他挣扎着摸到桌边,血往头上涌,竟顺手抄起桌上一个用来插花摆设的、沉重而坚硬的景德镇白瓷瓶,也顾不得多想,凭着本能,朝着正得意洋洋指挥手下、背对着他的徐琨的后脑勺,用尽全身力气狠狠砸了过去!
“砰——!”
一声闷响,伴随着瓷瓶碎裂的刺耳声音。徐琨脸上的狞笑瞬间僵住,他甚至没来得及发出一声完整的惨叫,只是喉咙里发出“嗬”的一声怪响,身子晃了晃,鲜血瞬间从他浓密的发间涌出,顺着脖颈流下,染红了锦缎衣袍。

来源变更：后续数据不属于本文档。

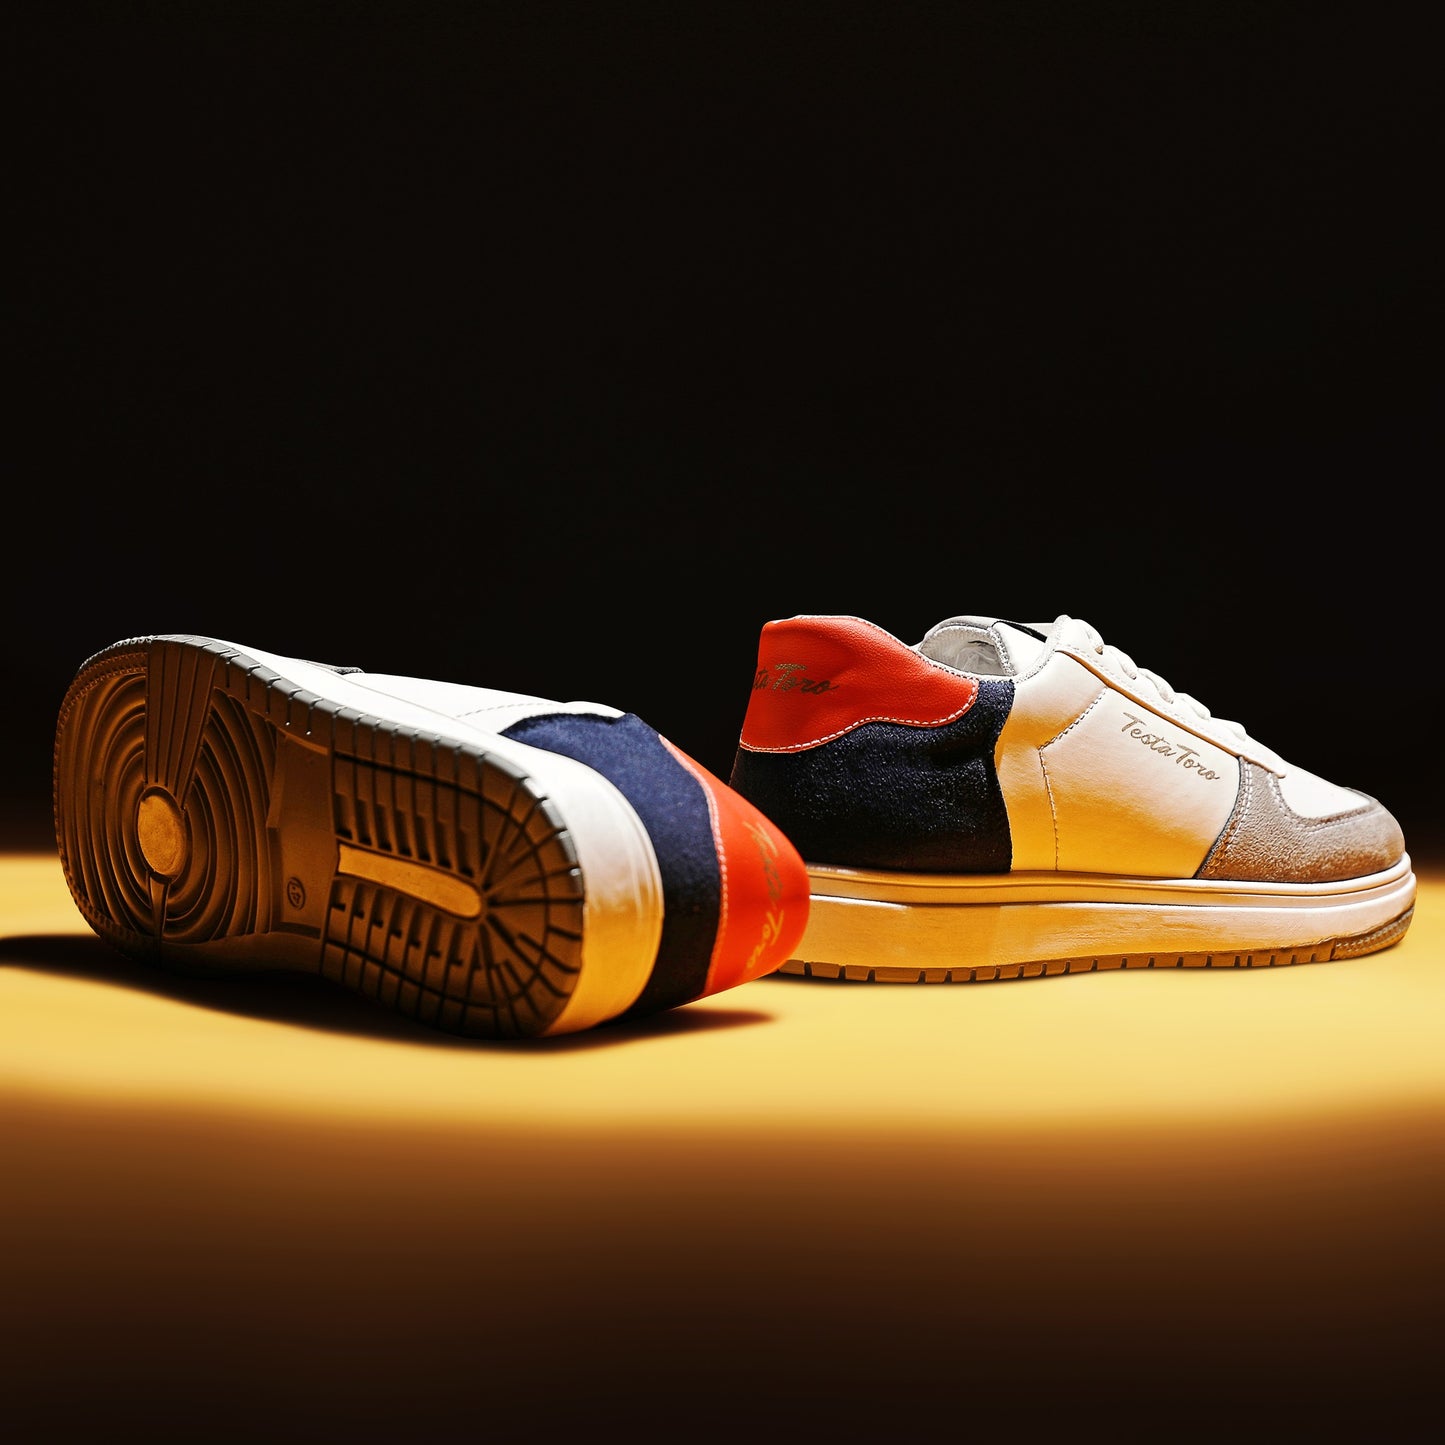 حذاء كاجوال عام علي الموضه للحياة اليومية من تيستا تورو x10
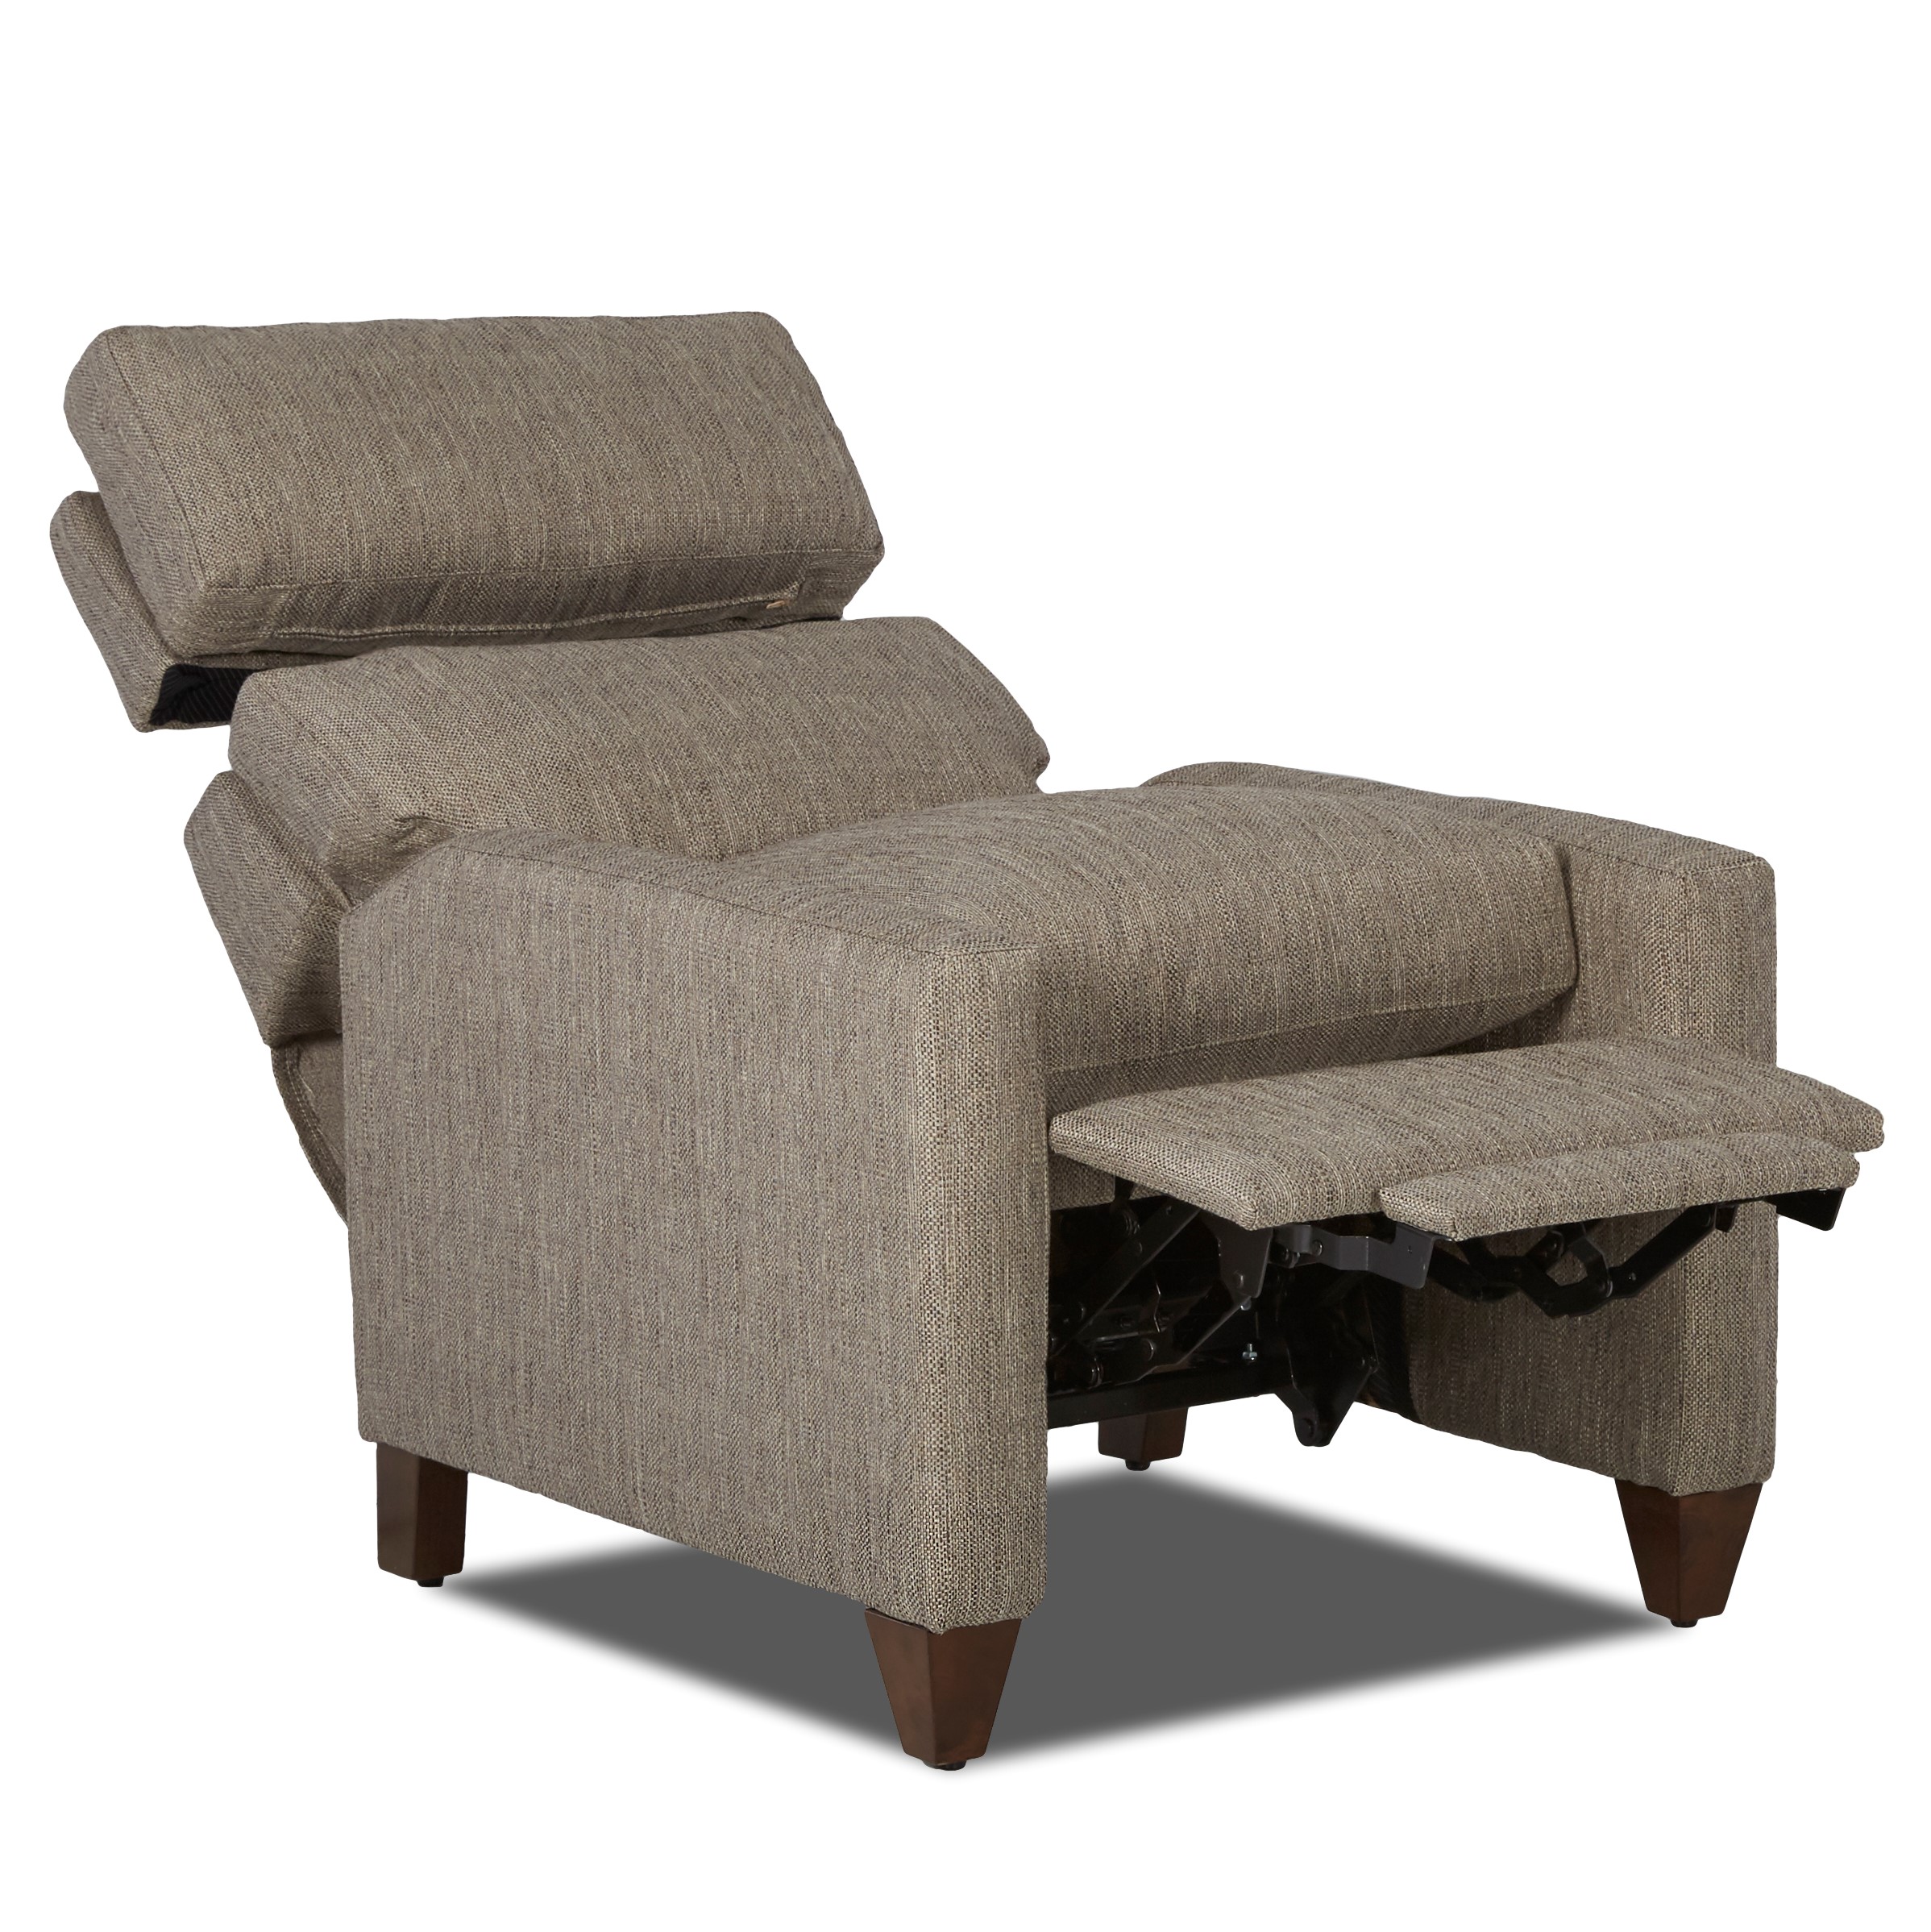 Sofas & Chairs DelTeet Furniture

他双目圆睁,带着难以置信的神色,直挺挺地向前扑倒,重重摔在地上,再无动静。
这一下,事情可就闹大了!
百花楼里原本在看热闹、或窃窃私语、或吓得花容失色的众人,顿时如同炸开了锅一般,发出惊恐的尖叫!
媚儿更是吓得瘫软在地,瑟瑟发抖。
徐家的恶仆们也傻了眼,慌忙扑上去查看自家少爷的情况。
“二少爷!二少爷!”
“没……没气了?!”
“杀人了!沈秉翰杀人了!”
混乱中,不知是谁喊出了这一句。
沈秉翰握着半截碎瓷瓶,呆呆地站在原地,看着地上那一滩刺目的鲜血和一动不动的徐琨,浑身的酒意和怒气瞬间被冰冷的恐惧所取代,脸色惨白如纸,浑身抖得像筛糠一样。